La Banque Postale AM se positionne sur la dette immobilière et d’infrastructures
Les initiatives visant à pallier le retrait des banques, soumises aux contraintes réglementaires de Bâle 3, dans le domaine du financement, se multiplient. Après Groupama AM, La Française AM et Natixis AM, qui ont chacun lancé un fonds de dette immobilière, la Banque Postale Asset Management (LBPAM) élargit son programme d’activité à la gestion de fonds de dette.
La filiale bancaire de La Poste, qui a reçu un agrément de l’AMF (Autorité des marchés financiers) mi-septembre, lance un fonds dédié ayant vocation à atteindre 500 millions d’euros d’ici fin novembre. Le véhicule comprendra deux compartiments distincts, à savoir l’immobilier et les infrastructures.

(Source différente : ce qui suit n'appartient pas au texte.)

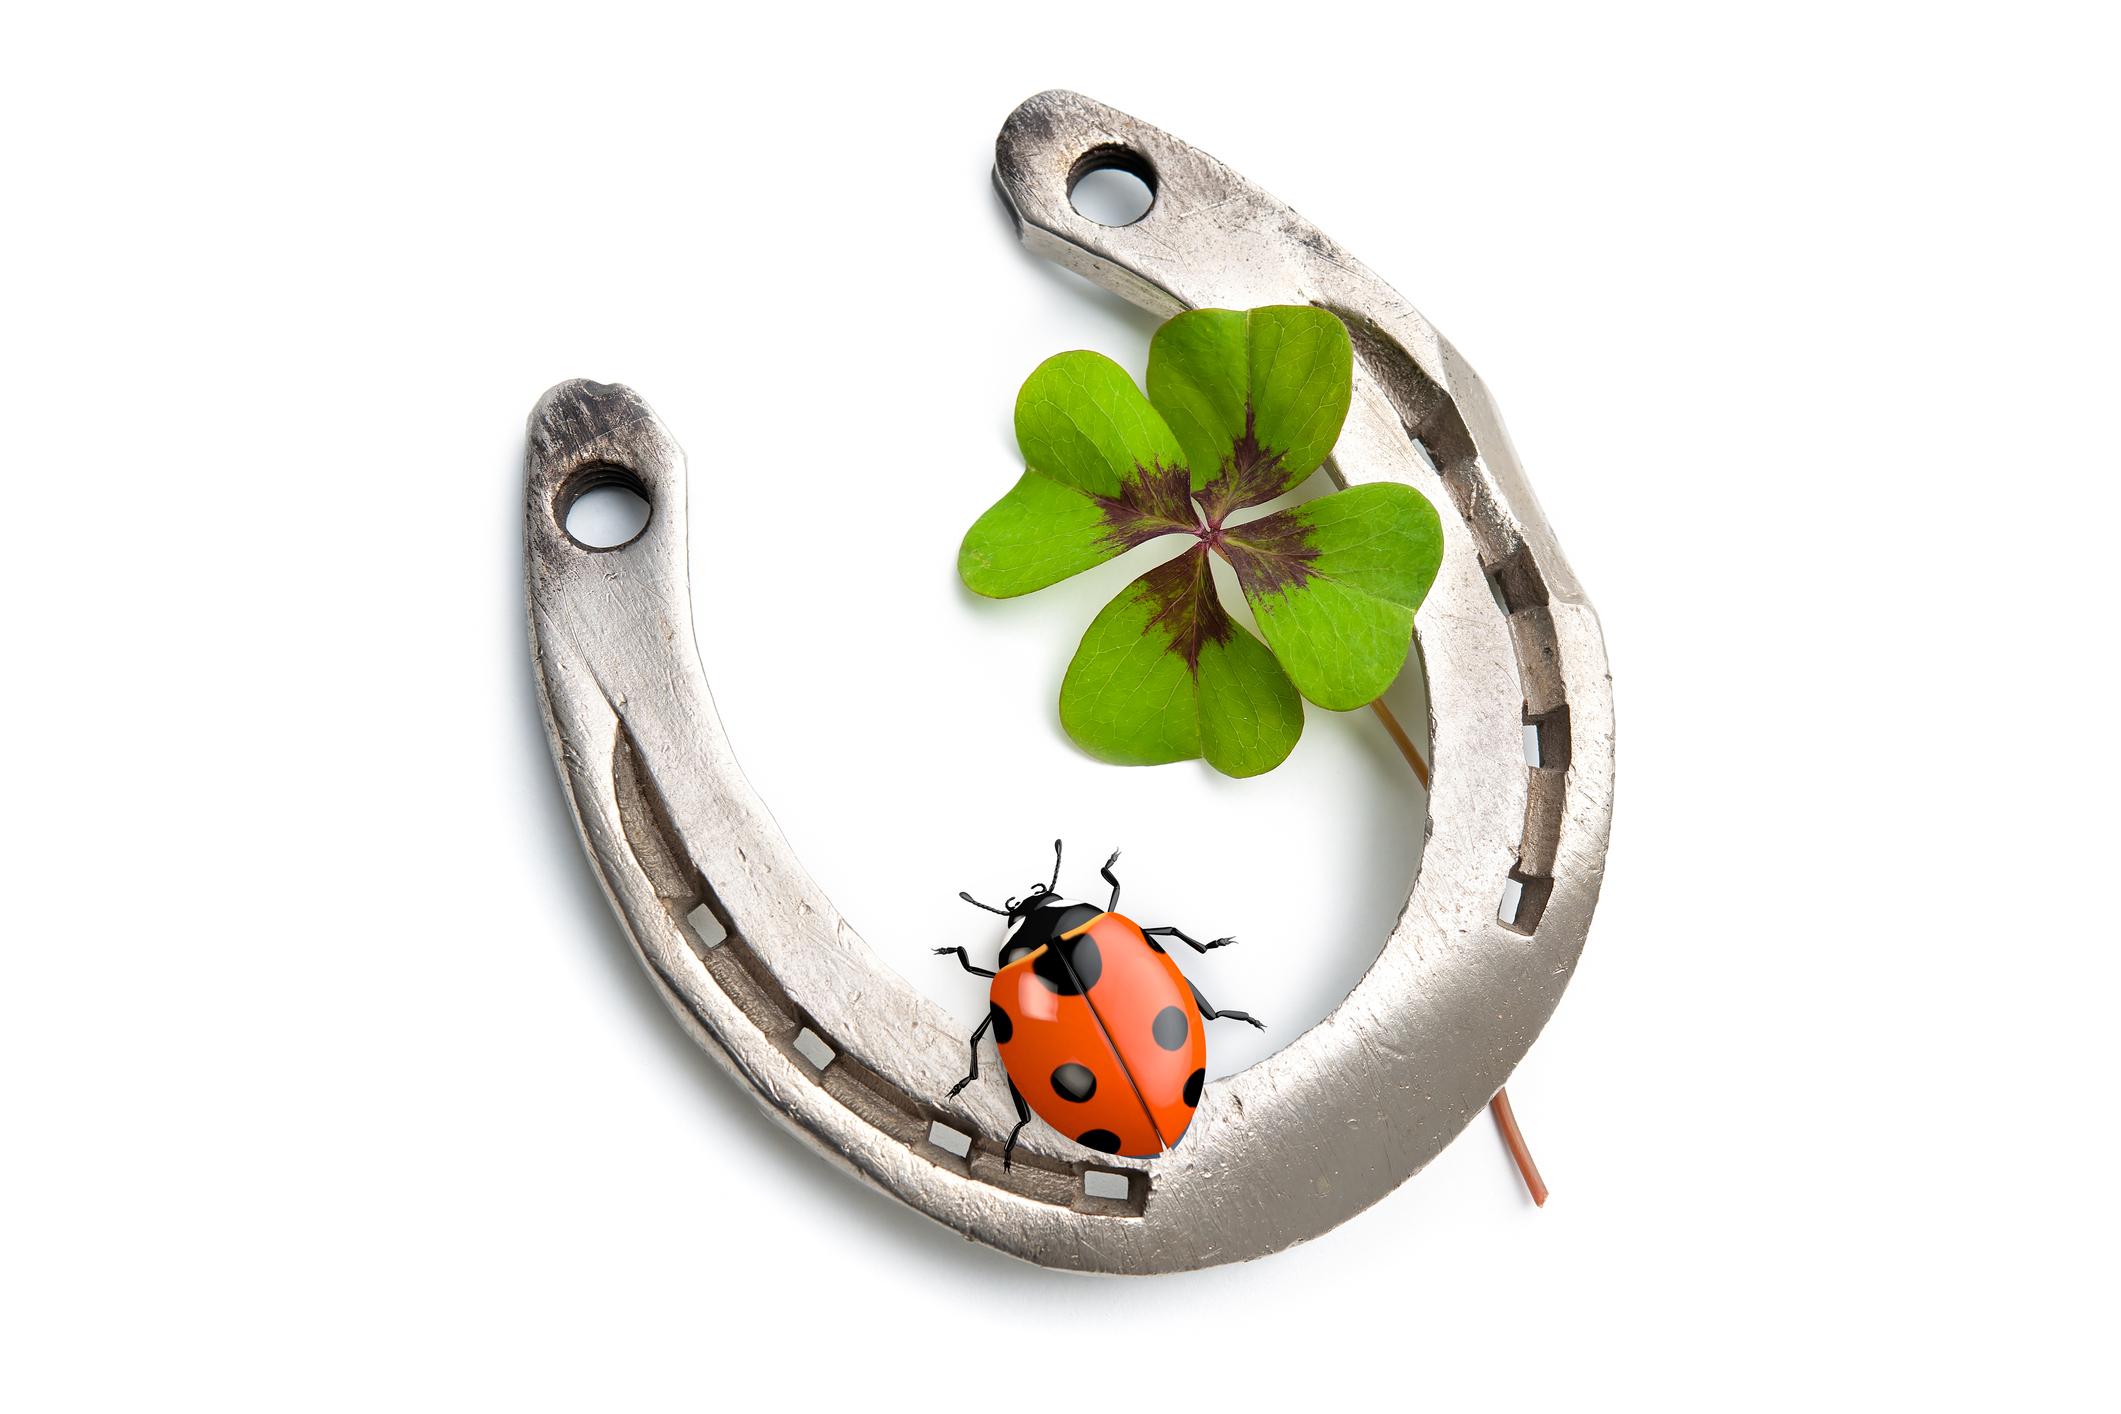 Lucky horseshoe holding a ladybug and a four-leaf clover.

«La gestion d’actifs va jouer un rôle de plus en plus important dans le financement de l’économie à long terme», a estimé mardi Jean-Luc Enguéhard, président du directoire de LBPAM, ajoutant que la majorité des projets ayant vu le jour au sein du secteur étaient «tournés vers l’immobilier, moins sur les infrastructures». Par ailleurs, «la demande est colossale, environ 100 milliards d’euros par an de besoins de financement n’étant pas satisfaits en Europe occidentale rien que dans l’immobilier», a poursuivi le président, indiquant que les besoins en infrastructures «étaient plus difficiles à chiffrer».
«Nous ciblerons les marchés primaire et secondaire de la dette senior européenne, en nous concentrant exclusivement sur la partie investment grade», a expliqué René Kassis, nommé directeur de la gestion de cette nouvelle expertise.
Pour la création de ce nouveau pôle, LBPAM, qui gérait à fin août quelque 133 milliards d’euros d’actifs, a recruté une équipe de quatre experts spécialisés. Aux côtés de René Kassis, ancien responsable mondial du secteur infrastructure et directeur adjoint des financements de projets chez Dexia, Pierre Bonnet, ex-directeur de projets chez Dexia Crédit Local, et Pierre Seali, ancien directeur des financements structurés immobiliers chez Deutsche Pfandbriefbank, ont rejoint l’équipe en tant que gérants analystes. Irène d’Orgeval, qui dirigeait AMlab, prend le poste de chief operating officer.
«Notre modèle repose sur un concept de club deal. LBPAM a constitué un tour de table avec quelques investisseurs et leur proposera de co-investir dans ces actifs», explique René Kassis.